Dr. Drewes’ data showed that when his group profiled a panel of 20 HDAC small molecule inhibitors including known HDAC inhibitor drugs such as SAHA (Zolinza/Merck & Co.) and romidepsin (Istodax/Celgene), IC50 curves for protein subunits could be measured and both known and novel protein targets identified.
“We have established the utility of the chemoproteomics technology for HDAC inhibitors,” Dr. Drewes said. “The advantages of using this method is that it is quicker than the standard recombinant workflow and represents a highly multiplexed assay where the IC50 of a compound for 100 or more proteins can be measured in one run.
“This is essentially an unbiased technology that allows the study of the ‘chemical space’ in which HDAC inhibitors operate, and it is this that will help us discover more novel protein targets.” Dr. Drewes also noted that the same technology is already being applied to other classes of epigenetic targets.
Dr. Bountra highlighted a more far-reaching challenge, which has dogged the pharma industry and could hinder progress in epigenetic drug discovery. “All pharmas and biotechs are working on the same targets in parallel, in secret, so there is a massive duplication of effort.”

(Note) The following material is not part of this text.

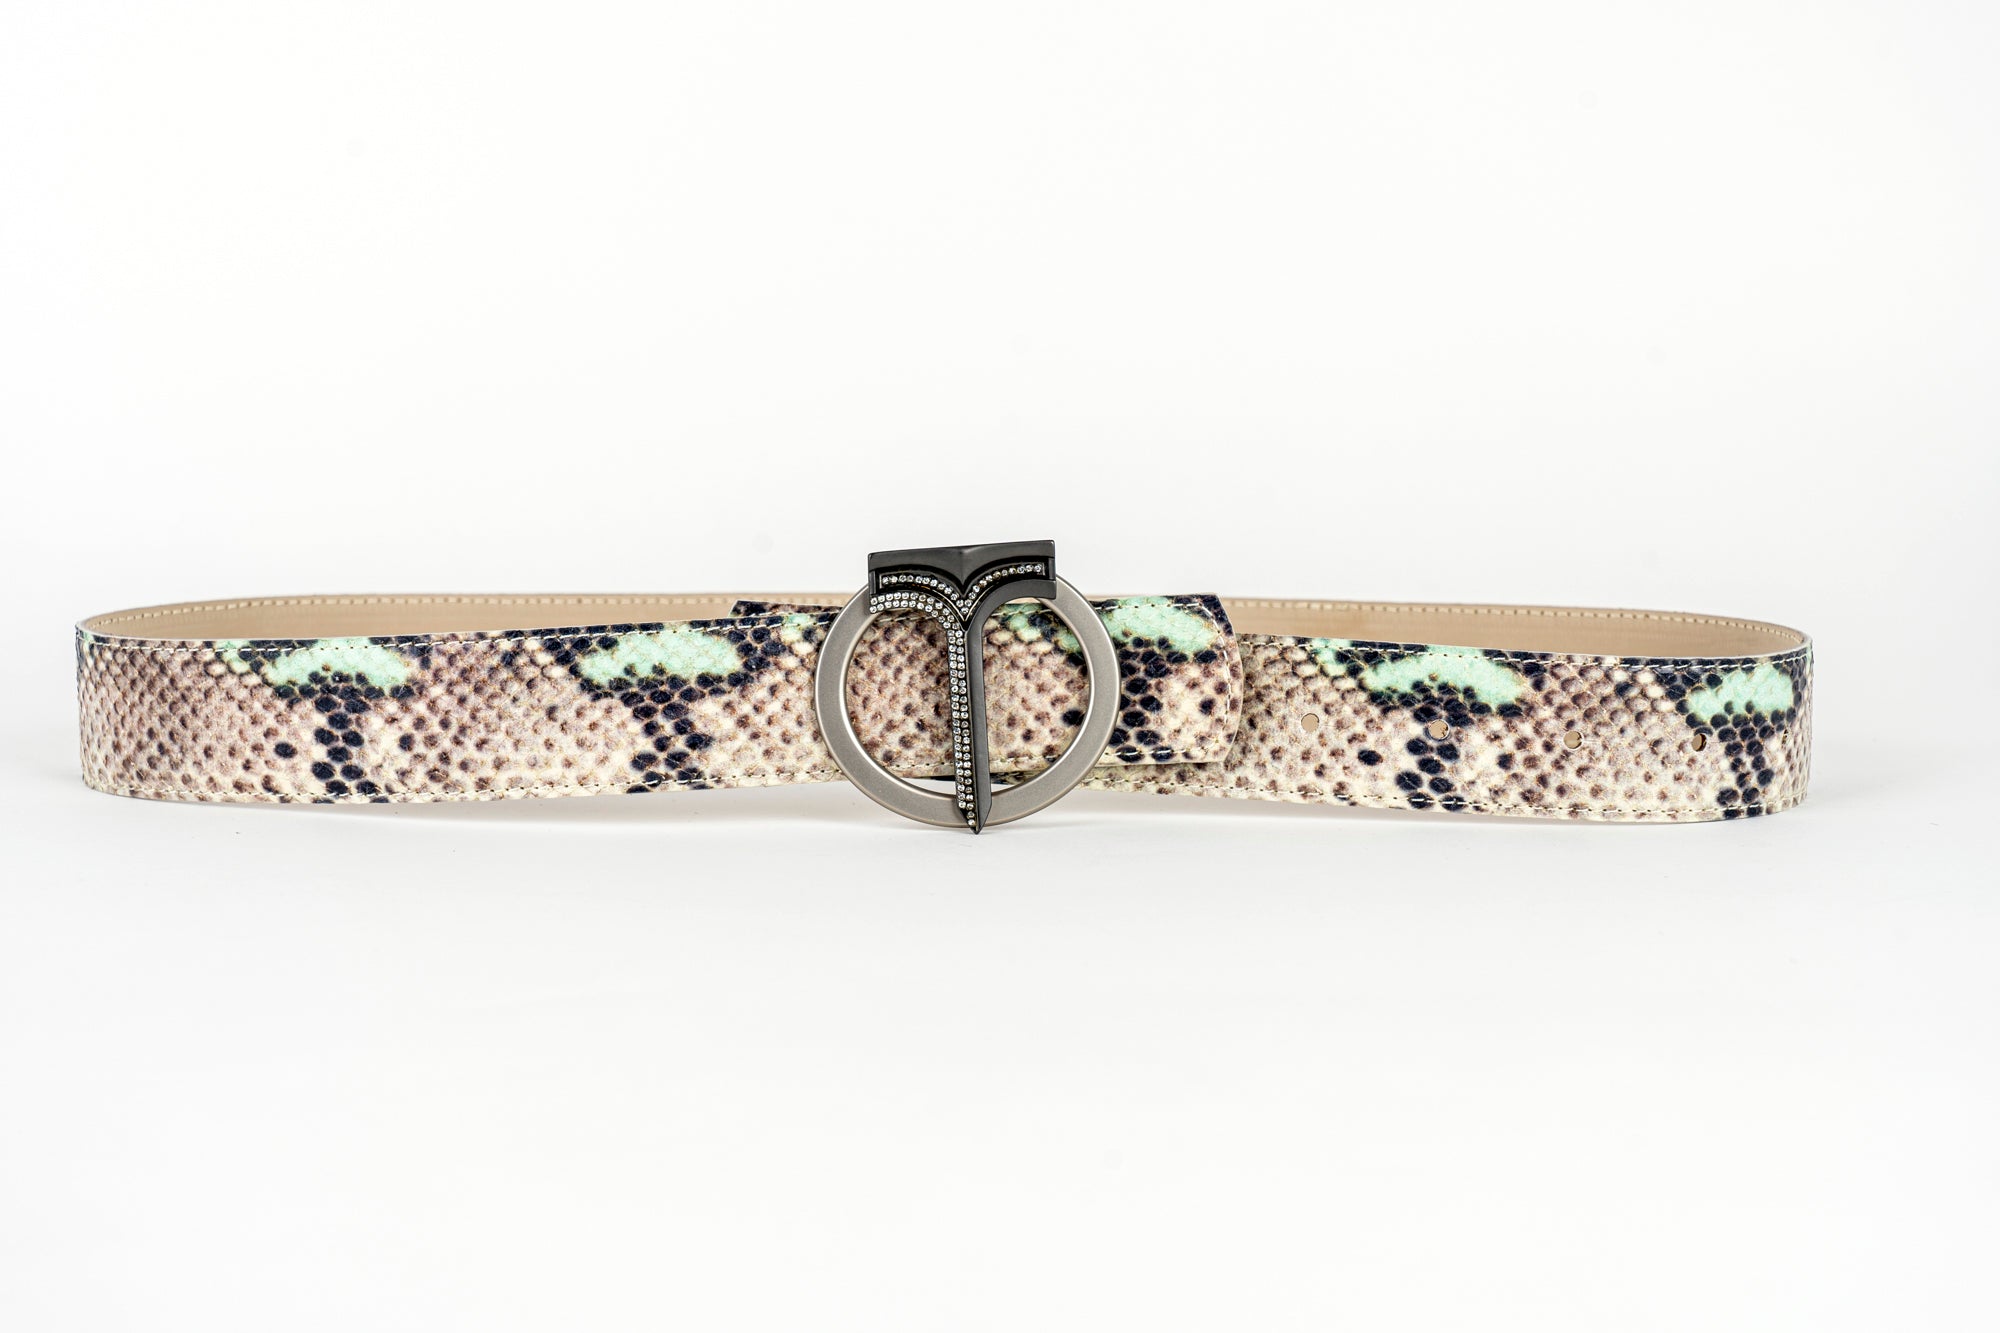 CINTURA IN PELLE DI VITELLO CON STAMPA PITONE Grey and green/ Grey and Green Calf Leather Belt with Python Print
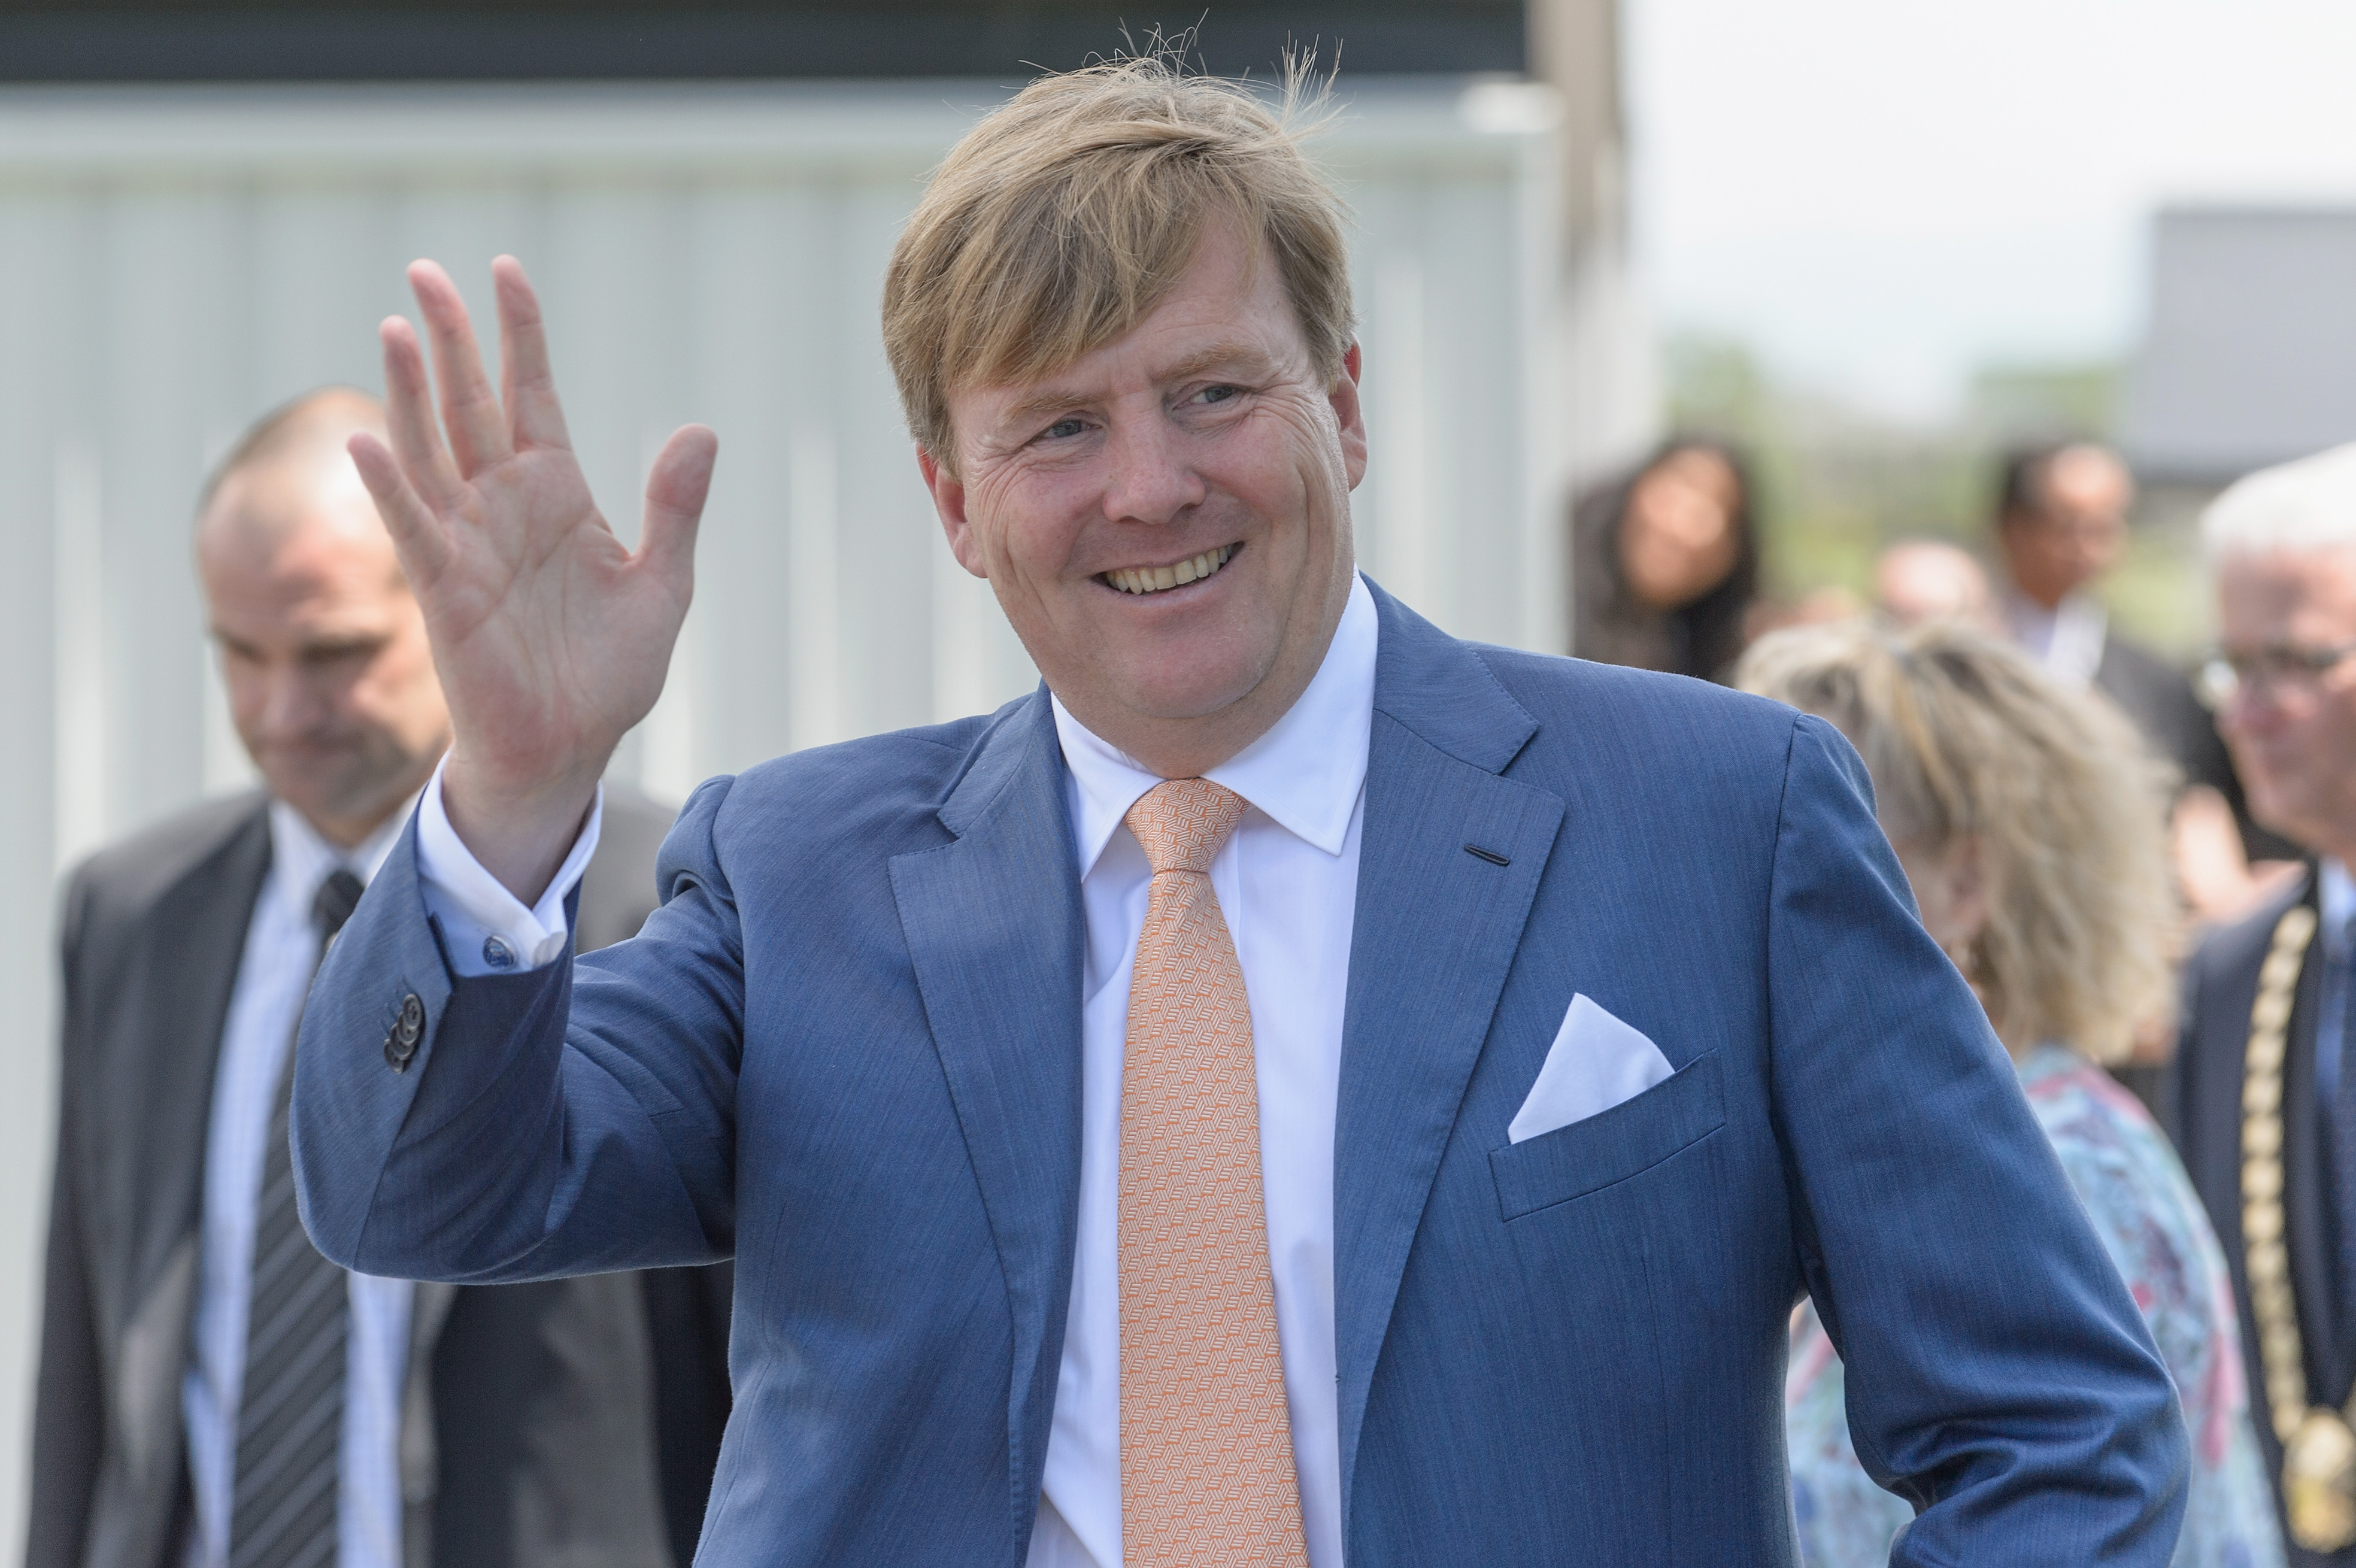 King Willem-Alexander And Queen Maxima Of The Netherlands Visit New Zealand

“The tragedy of drug discovery attrition figures is that they are also duplicated and the outcomes are not shared. This means thousands of patients are exposed to molecules that many other groups definitely know are destined to fail in trials. That cannot be ethically or morally right. If we’re to make significant rapid progress with epigenetic drug discovery, this situation has to change.”
According to Dr. Bountra, one problem is that early IP on molecules means information is not shared, which makes drug discovery slower, more difficult, and more expensive. The solution, he believes, is to establish public private partnerships such as the SGC, which includes academic collaborators in the U.K., U.S., Canada, and Sweden, alongside pharma companies such as GSK, Novartis, and Pfizer.
These partnerships would take industry standard molecules for novel (“pioneer”) targets through to Phase II proof of clinical mechanism, without having any IP on the molecule. This would enable rapid publication of all data including negative clinical results, and would also de-risk the process, as novel targets would be clinically validated before large, parallel investments in multiple organizations.
Dr. Bountra cited the epigenetic-derived molecule JQ1 as an example of how this could work. “JQ1 has been given freely to more than 100 labs worldwide, and is now being profiled in several therapy areas including inflammation, virology, and some forms of cancer.
“The SGC has demonstrated that having the reagents freely available accelerates collaboration, and therefore science, and hence drug discovery. The impact of this one freely available molecule has been phenomenal—within 10 months this molecule has led to the initiation of proprietary programs, opened up a new area of science, enabled the establishment of a new biotech, and importantly, experts in pharma are trying to convert this target into a new drug for patients.”
Overall, speakers were upbeat about the prospect of epigenetics being able to deliver. Dr. Kouzarides summarized, “We hope to soon see the first potent epigenetic-derived drugs in the clinic. Many of the initial inhibitor molecules such as I-BET and JQ1 may or may not work, but they will establish the principle that epigenetic-derived drugs can be selective and specific.
“Novel druggable targets may be found in other chromatin modification pathways, so in the next few years we might see a shift away from kinase-based drug discovery and toward the epigenetic arena.”